The Virginia Health Records Privacy Act ("VHRPA") "recognize[s] an individual's right of privacy in the content of his health records." Va. Code § 32.1-127.1:03 (2010). Under the VHRPA, "no health care entity... may disclose an individual's health records" without permission from the patient or other legal authorization. Id. To support a finding of good cause to release protected health information, the Court must consider:
(i) the particular purpose for which the information was collected; (ii) the degree to which the disclosure of the records would embarrass, injure, or invade the privacy of the individual; (iii) the effect of the disclosure on the individual's future health care; (iv) the importance of the information to the lawsuit or proceeding; and (v) any other relevant factor.
Va. Code § 32.1-127.1:133(H)(6). As stated previously, the information sought is relevant and central to this litigation.

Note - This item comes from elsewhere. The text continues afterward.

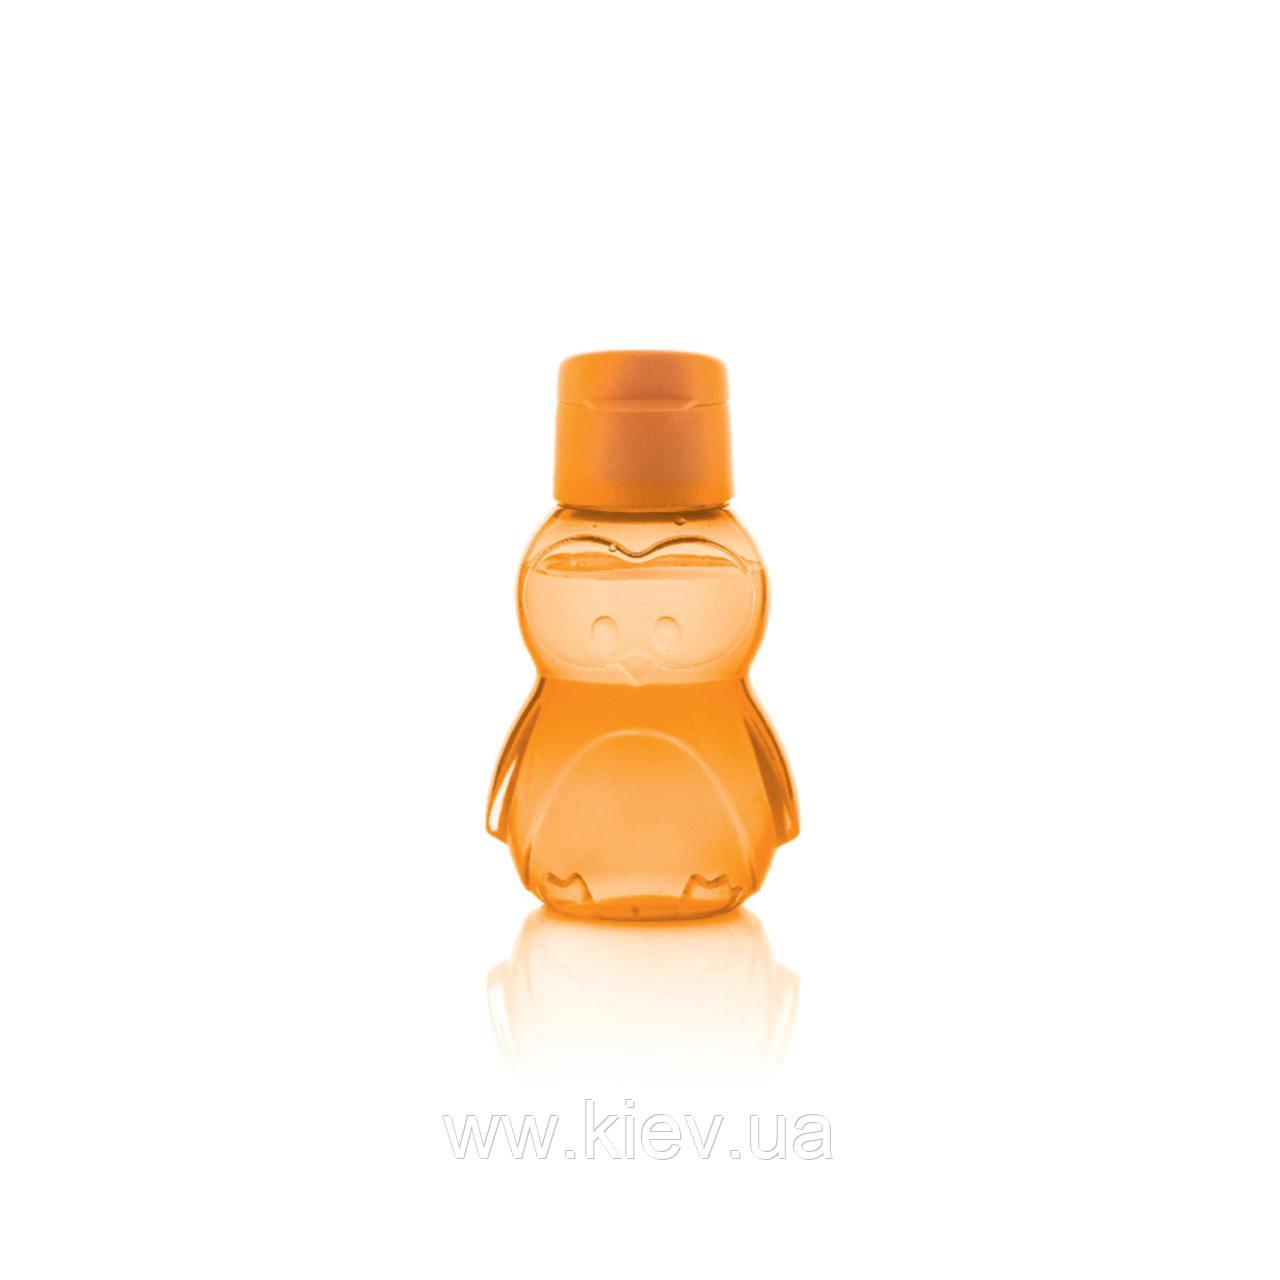 Эко-бутылка «Пингвинёнок» (350 мл), многоразовая бутылка для воды Tupperware
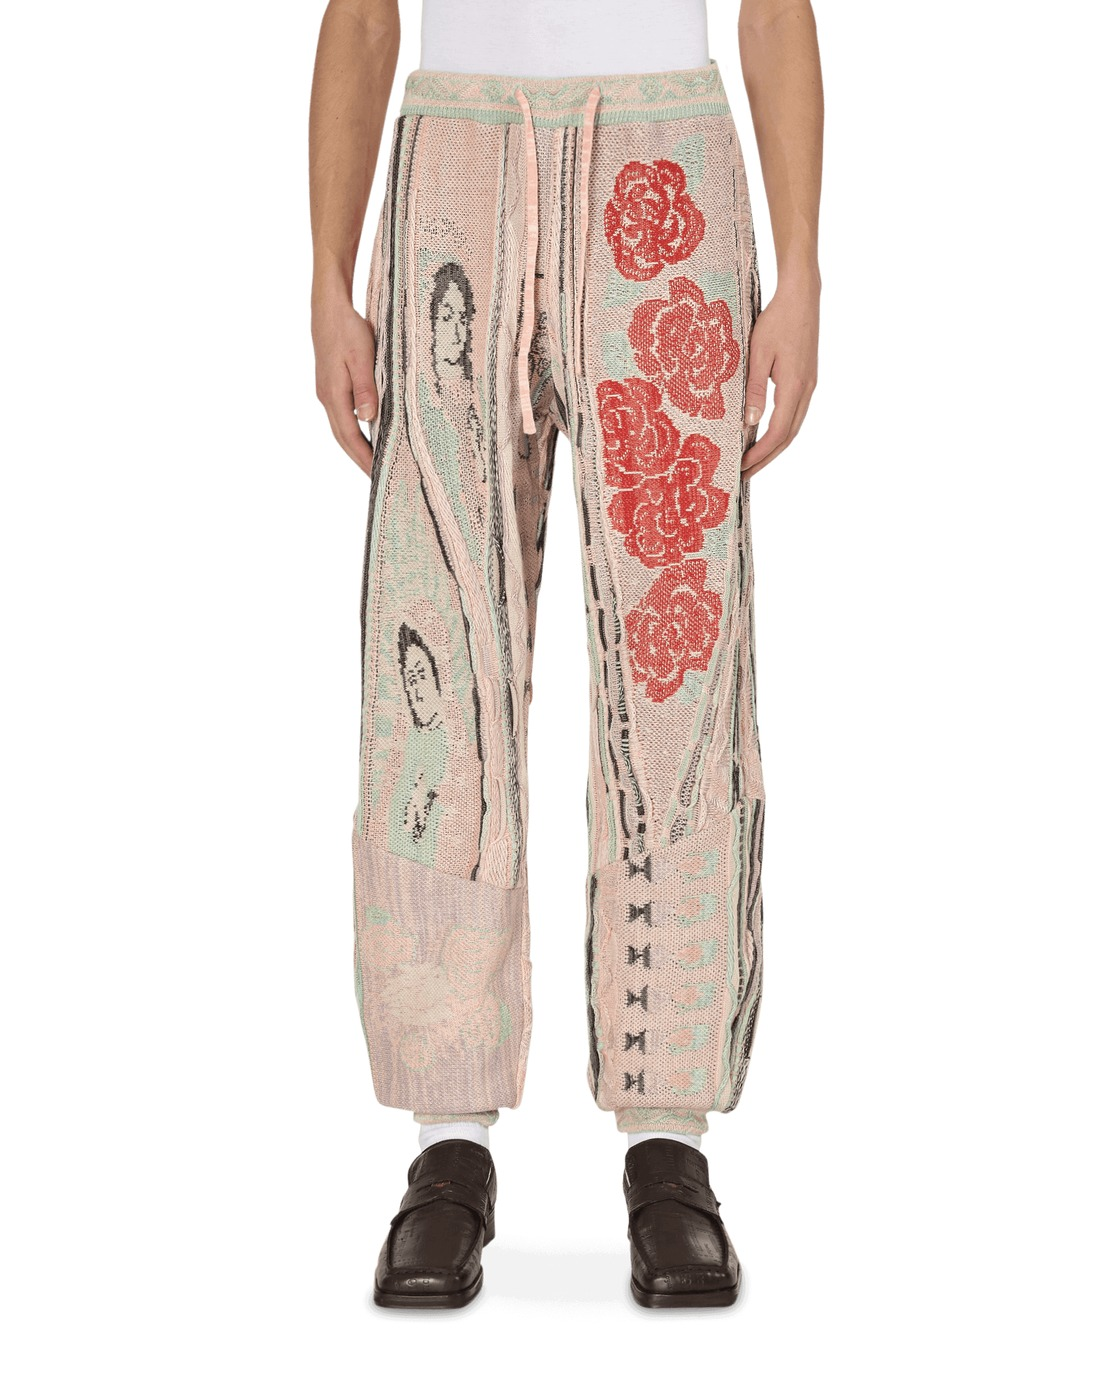 Kapital 7g Virgin Mary Gaudy Knit Pants Lightpink

There is little risk of injury or embarrassment because Vannoy intends to use the information related to his medical experts to establish wrongdoing and/or harm on the part of FRBR. No party has made a showing of any adverse effects to Vannoy's healthcare. As such, the Court finds that there is good cause to order CSB to release Vannoy's health information and DENY CSB's Motion to Quash.
For the foregoing reasons, the Court will DENY IN PART Vannoy's Motion to Quash and DENY CSB's Motion to Quash. Because FRBR did not make a showing that sanctions are necessary in this matter, the Court will DENY FRBR's request for attorney's fees. The Court declines to rule on Vannoy's availability for deposition or the prospect of FRBR amending its expert disclosures until an actual motion is before the Court. Lastly, the Court will DENY as unsupported Vannoy's request that it order FRBR to deliver a copy of all documents it obtains by subpoena to the office of Vannoy's counsel within five days of receiving the documents.
Let the Clerk send a copy of this Memorandum Opinion to all counsel of record. An appropriate Order shall issue.